El cínico le lleva enorme ventaja al resto de los hombres. Su categoría de cínico le permite adaptarse a las circunstancias más difíciles o embarazosas. No tiene que dar cuentas a nadie –como el resto de los mortales– de los actos que emprende. Para él, las cosas se acomodan a su modo de ver la vida. El que no quiera ajustarse a su criterio, que siga su camino.

El cínico se deja llevar por la corriente de los vientos. Nunca de los nuncas constituye un obstáculo. Descree de los preceptos que guían el criterio de los hombres sin criterio. Él le ve el lado bueno a la vida. Sabe que las cosas no tienen compostura, o en todo caso que otros se encarguen de arreglarlo.

Revisa la historia y advierte que los ganones siempre son los mismos, es decir quienes sospechosamente creyeron en sus ideales. Para que a la vuelta del tiempo traicionaran sus valores. Ese ir y venir lo pone contra la pared. Mejor ser un cínico, se dice. Mejor no creer en nada, ni en uno mismo, se repite. Y dejar que la vorágine de los conflictos arruine los sueños de los idealistas, de los que mueren por sus convicciones.

El cínico lleva en la mano su verdad, que incomoda y provoca malestar en unos y urticaria en otros. La exhibe en los momentos álgidos, a modo de una cuchilla despiadada pero envuelta en fina seda. Cuando ninguno de los interlocutores se la esperaba, la muestra. Todos se vuelven a mirar aquella arma. Su palabra es invencible. Y quienes lo rodean lo saben. El hecho de no tomarse las cosas en serio, lo hace resbaloso, como el cuerpo de los gladiadores. Porque los abanderados de la verdad son enemigos acérrimos de enfrascarse en una contienda donde lo único que priva es la inteligencia corrosiva, no la erudición ni mucho menos la solemnidad.

Los mortales le tienen envidia a los cínicos. Saben que atrás de cada cínico hay un alma que les puede brincar a la yugular. Un enemigo en potencia. No entienden cómo un cínico logra sobrevivir. Revisan entonces su cuenta bancaria. Miran con desconfianza su automóvil último modelo. Si él tiene todo, cómo es posible que un cínico –a quien no le quitan el sueño los avatares del consumismo– lo sobrepase, se burle de él.

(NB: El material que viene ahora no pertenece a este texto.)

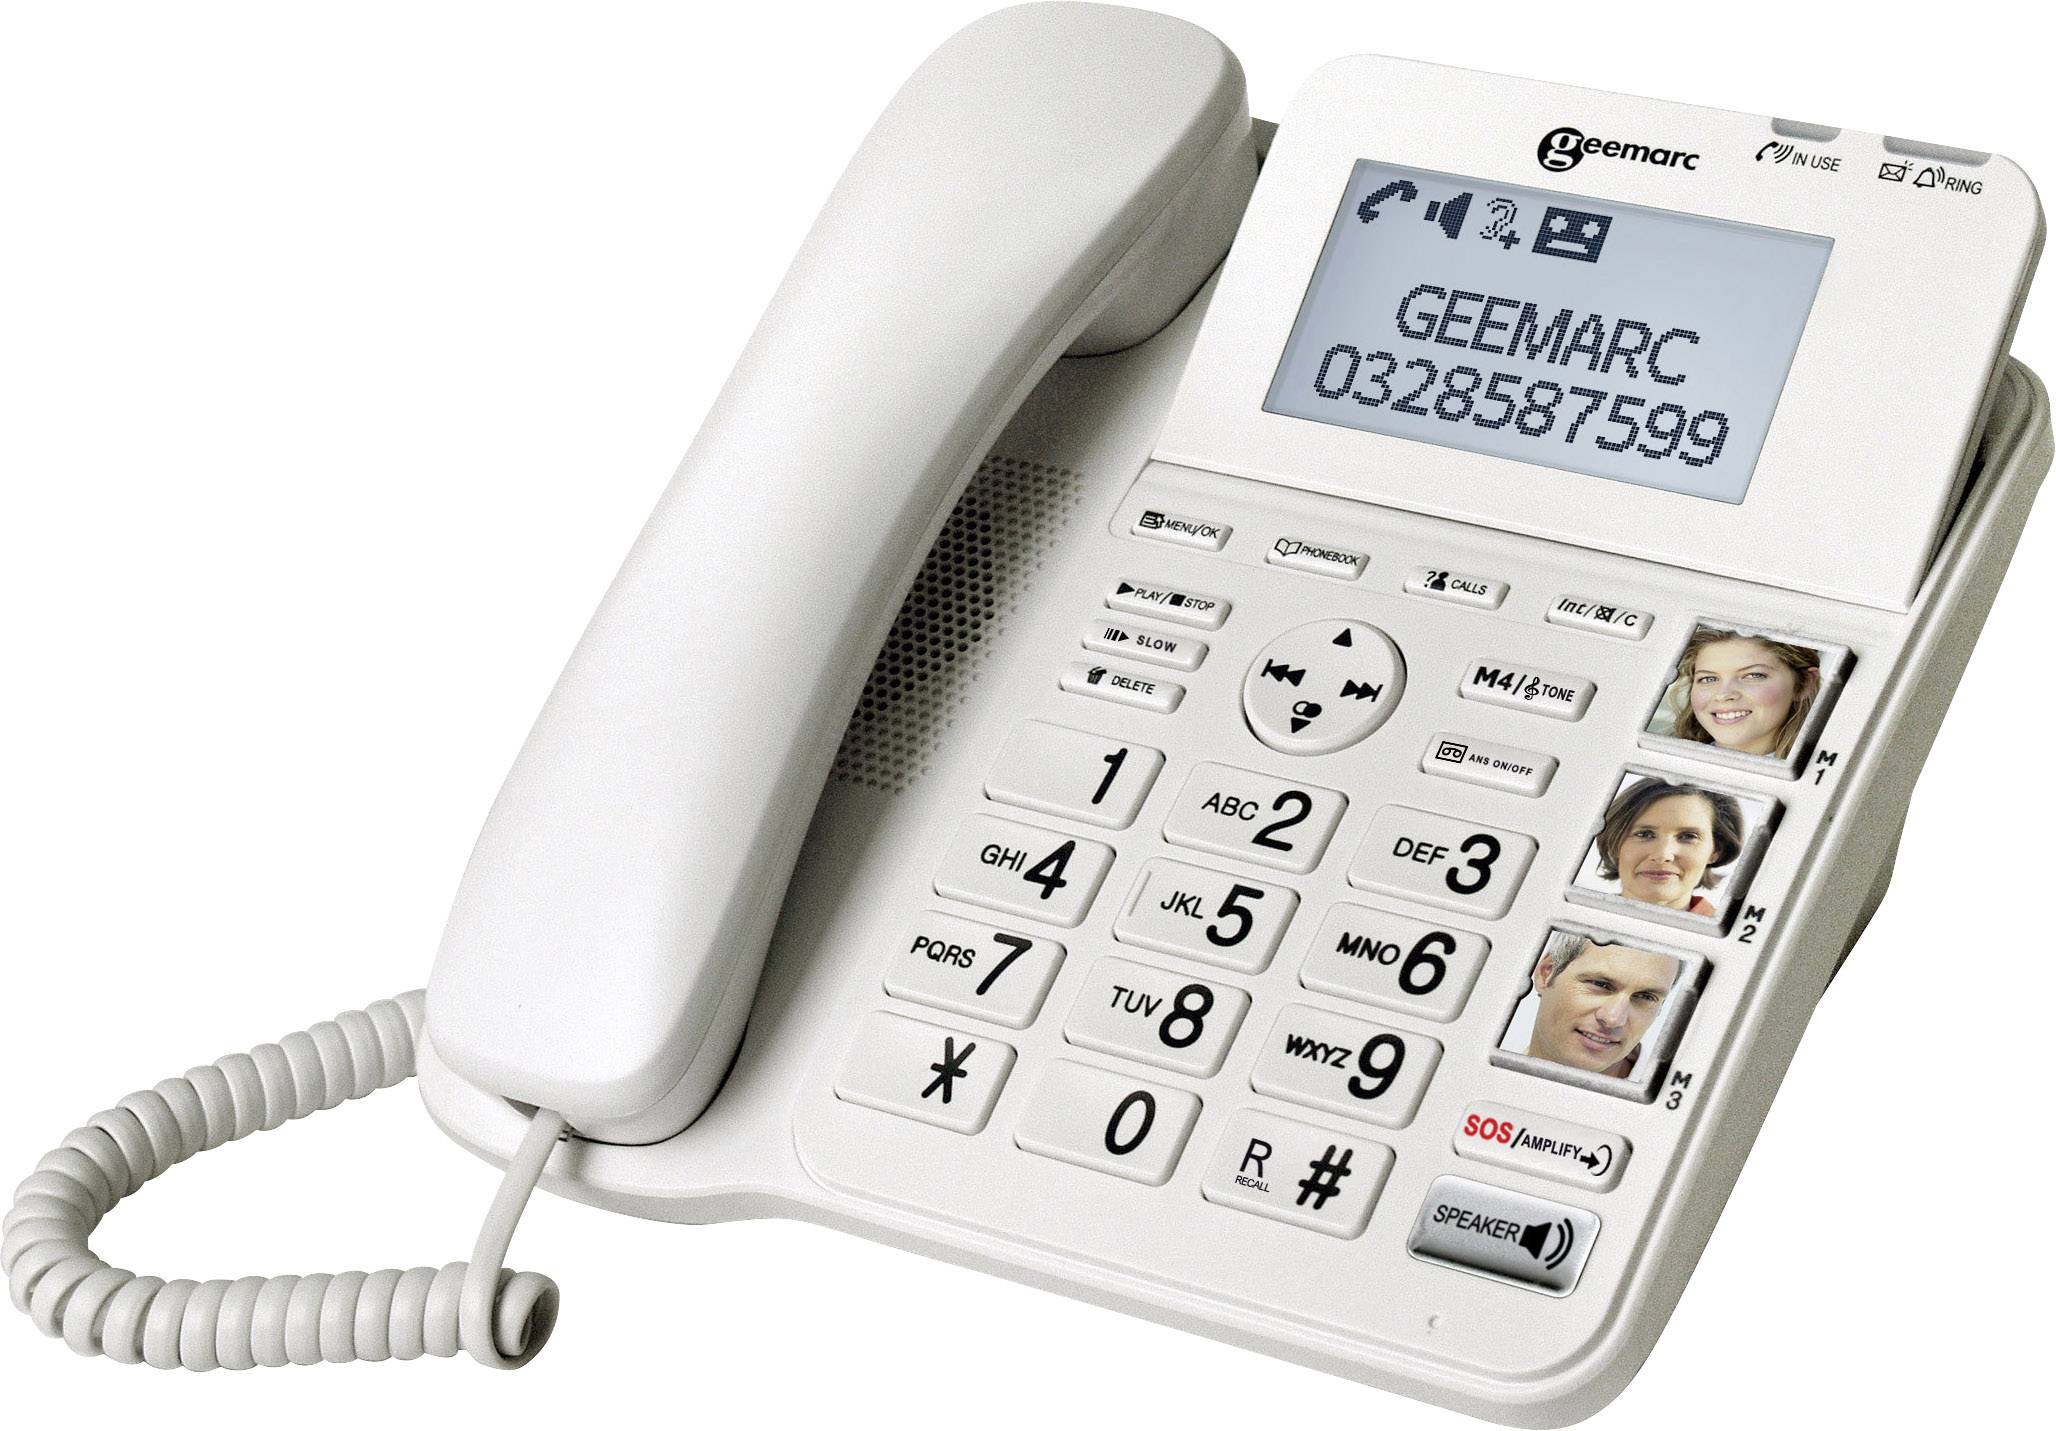 GEEMARC CL595 Schnurgebundenes Seniorentelefon Anrufbeantworter, Freisprechen, Optische Anrufsi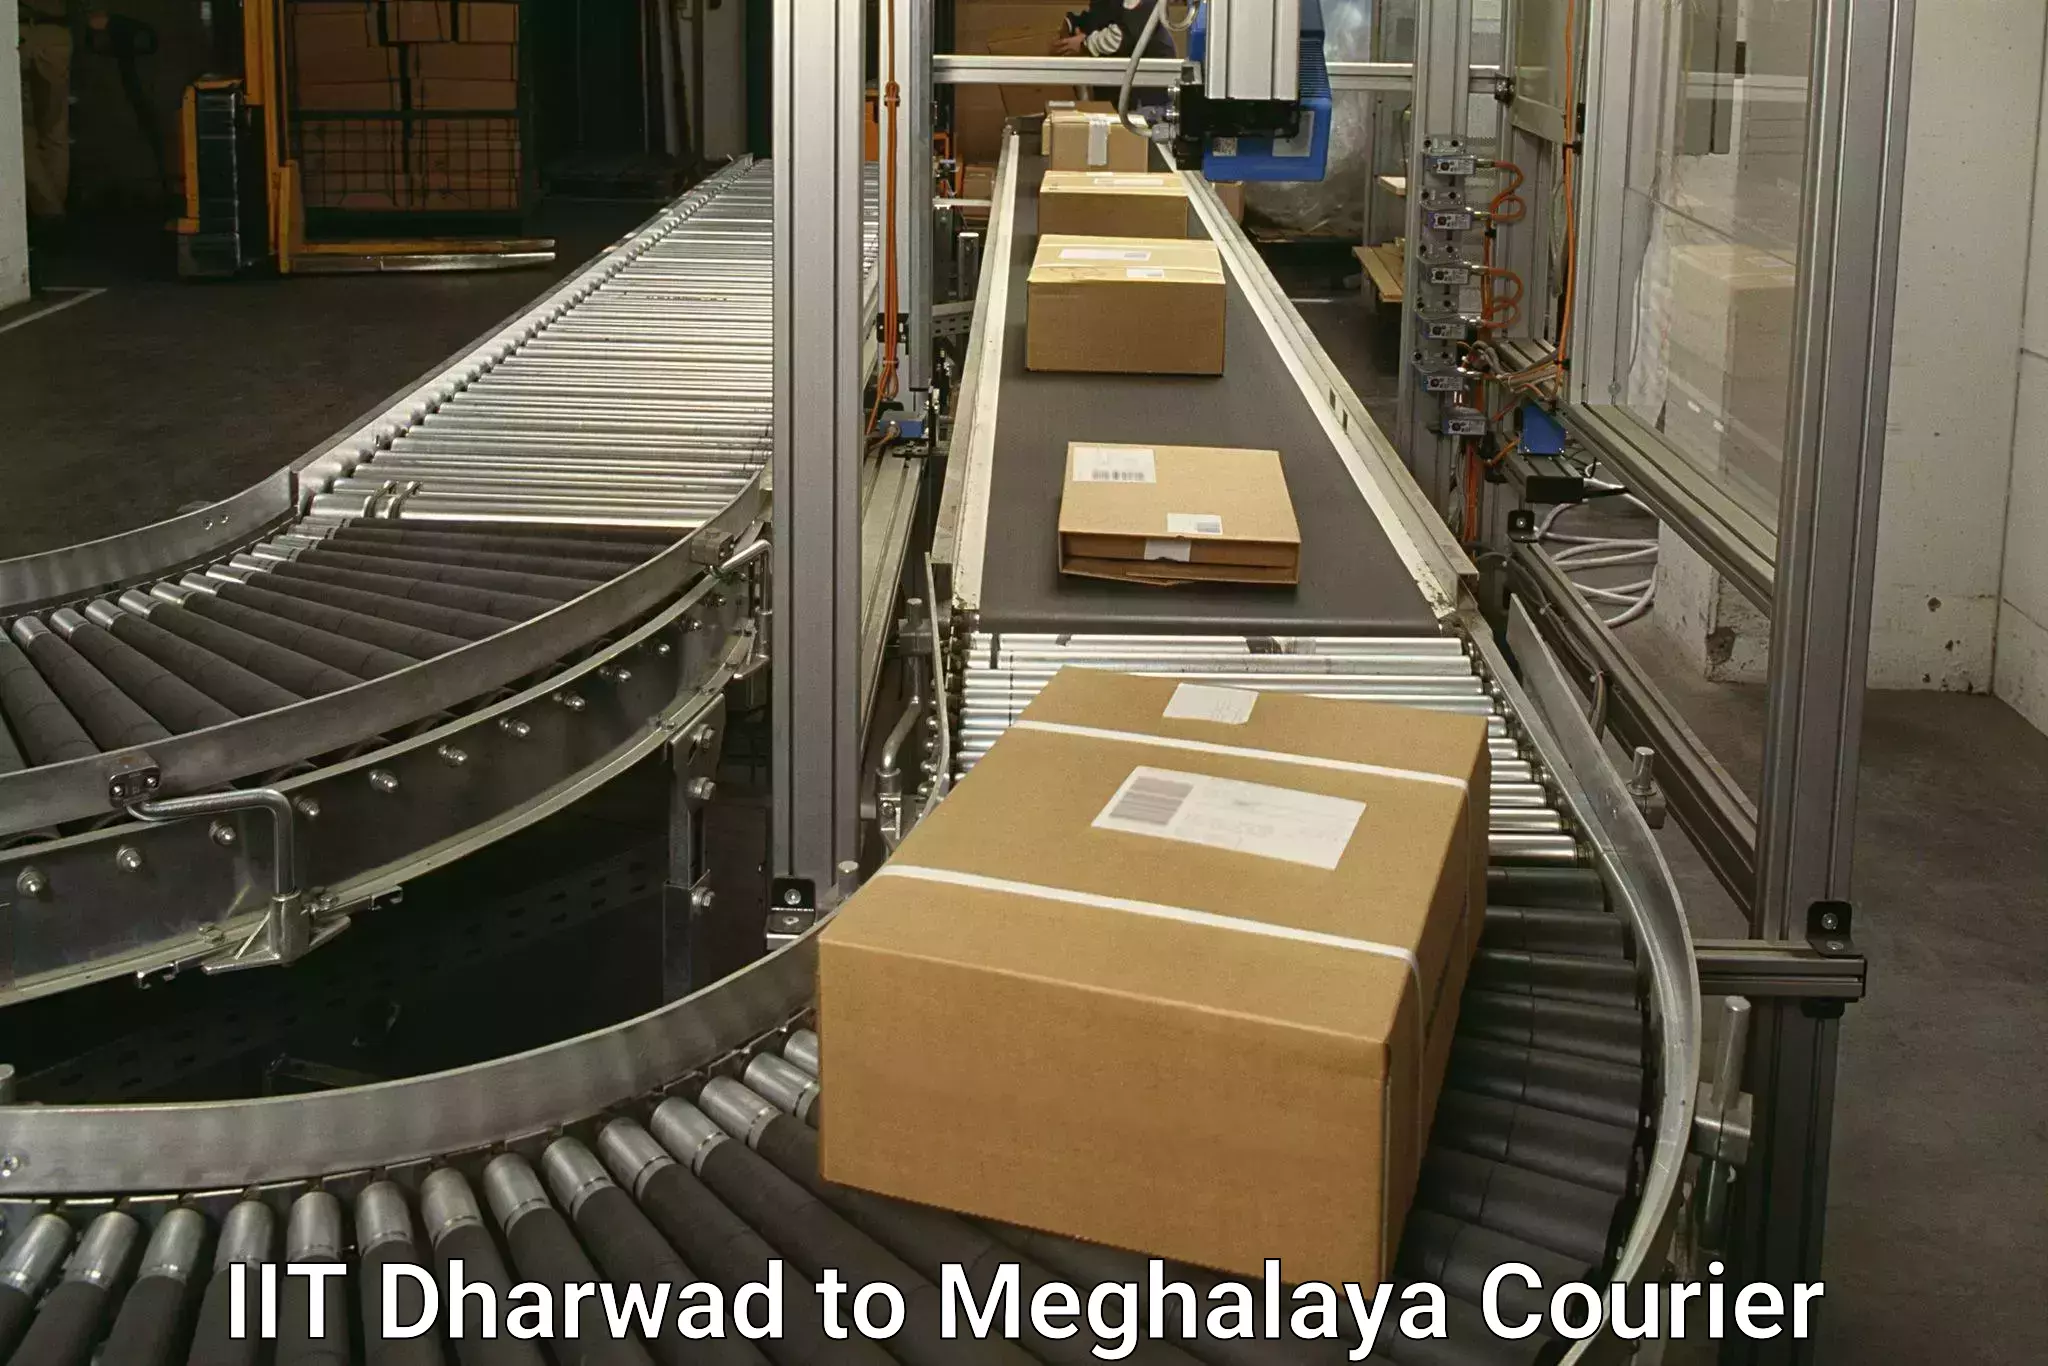 Next-day delivery options IIT Dharwad to NIT Meghalaya

El cínico desconfía de todo, incluso del amor. No ve en el amor más que una forma de esclavizarse. Él, que defiende su libertad a costa de todo y contra todos, advierte en el amor un guiño de la heroicidad. Asume que tras lo actos épicos, el amor es capaz de filtrarse. Entonces denuesta del amor. Lo hace a un lado y se dispone a lo que viene.

El cínico hace de cada día el colmo del aburrimiento. El mundo se puso delante de él para que lo viviera. Pero cada día es exactamente igual que el anterior. Aunque cada día le provoque connatos de sonrisa. Nunca de melancolía.

La palabra riesgo no entra en el vocabulario del cínico. Quien tiene los pelos de la mula en la mano no tiene por qué arriesgarse. Otras palabras constituyen su acervo cotidiano: epicureísmo, placer, vuelta en U. Porque ese insignificante peldaño que va de una situación a otra que acaso se torne trágica, el cínico la identifica de inmediato y prefiere seguir su camino. Ahora es él quien sique su camino.

De esta forma, sin quererlo, el cínico da lecciones de vida. Este cometido no figuraba en su manual del cinismo, pero al fin y al cabo a él le viene bien.

LOS PRECIOS DE LA LENCERÍA

Ser superficial no cuesta ningún esfuerzo. Por eso los superficiales son longevos. Aquellos ancianos de excelente buen humor –son adorables– siempre se inclinaron en la vida por la superficialidad. En cambio los frívolos son incapaces de llevarse la fiesta en paz. Siempre están buscando el modo de sobresalir, aunque sea con la máscara de pasar inadvertidos.

Se llega a la frivolidad por la vía del conocimiento, la inteligencia, la sensibilidad o el dolor.

El frívolo puede ser superficial en el momento que se le antoje; el superficial no puede ser frívolo. Carece de esa suspicacia.

El frívolo provoca admiración; el superficial, aburrimiento.

Nada más peligroso que una mujer frívola; sobre todo cuando navega con bandera de superficial.

La frivolidad de Wilde es única e irrepetible. Llevó la frivolidad a tal altura, que se tornó profunda –la factura todavía la está pagando.

El frívolo no se toma en serio ante los ojos de los demás porque de los hombres es quien más se toma en serio. Pero es un maestro en el arte del ocultamiento. Lo que genera en derredor es confusión: los superficiales lo tildan de banal, y las mujeres de encantador.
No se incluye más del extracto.